I had all of the above coded up and working before I realized I had missed something. In order for all of this junk to work, I need to correctly save the SF location id in the corresponding EE Matrix row. In the case of saving a new row and creating an SF location record for it, I needed a way to get the new location id back from SF after I create a location record and save it into the Matrix row all before the row is sent back to EE. I had built my EE to SF sync on the wrong extension hook. entry_submission_end() does not let me alter the Matrix data in time to catch it before it’s saved to the DB. I could of course go back and hit the DB myself, but that would be a lot of trouble and worth it only if there were not another extension hook I could use. Good thing Brandon saw me coming. matrix_save_field() does just what I need it to do. It gives me the field’s data array AND it lets me alter it before it is processed by Matrix itself. So a couple of little code refactorings and I am up and running!
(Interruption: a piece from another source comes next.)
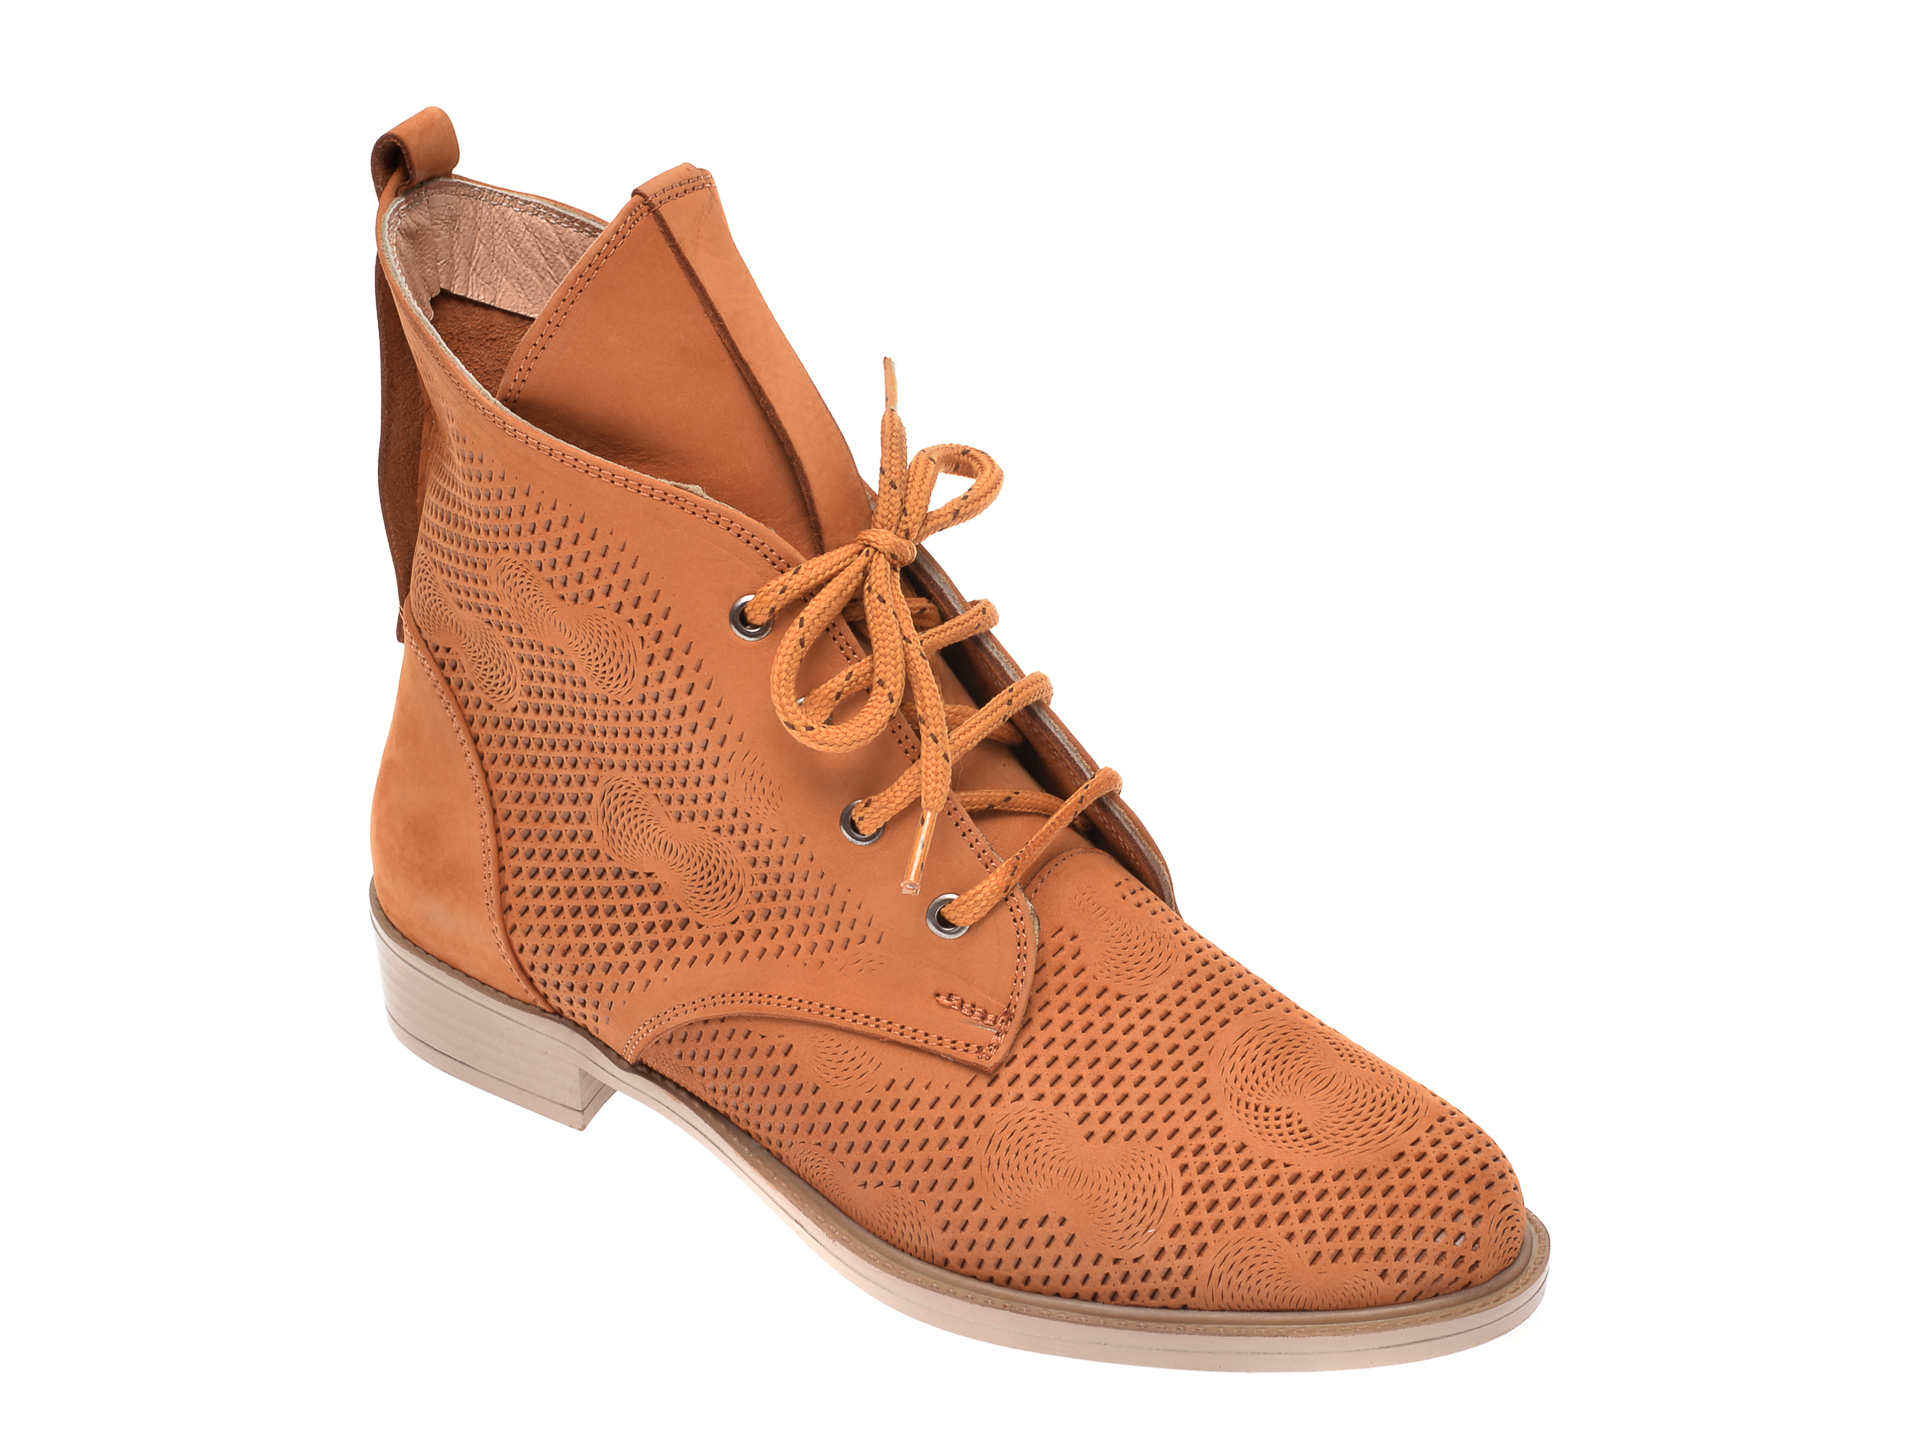 Pantofi FLAVIA PASSINI maro, 0511102, din nabuc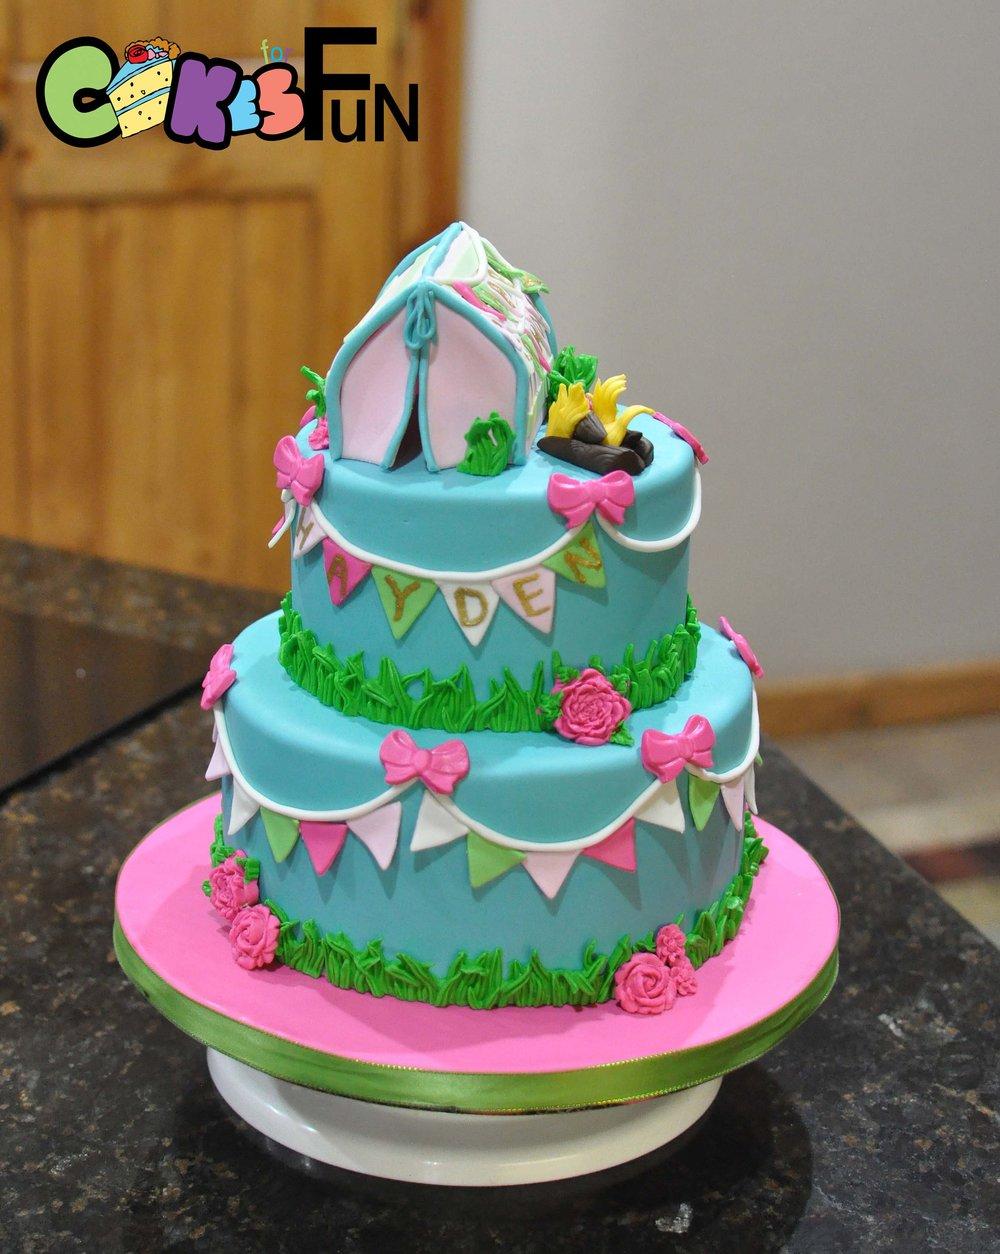 camping cake-marrs-05182018.jpg

If you are liking the sound of the CRM module I am talking about and you want to buy a copy from the Solspace store for a project you are working on, I’m sorry; you can’t. Each and every EE / SF project we have done using this CRM module has involved custom coding such as you see above. The process of integrating two systems together through their API’s tends to be sufficiently complex and custom that some level of custom coding is called for each time. So if you think you or your client needs a solution like this, reach out and contact us. Much of the solution is scalable, but at least a little of it has to be custom coded.

And how do you get me to do it for free? Well I don’t really want the word to get out far and wide, but it’s likely that if you are cool and fun and you can demonstrate that you can remain cool and fun for a long period of time and you have a really funky, difficult, yet still somehow within reach problem to solve, I just may get seduced into helping you out, at least a little bit, for free!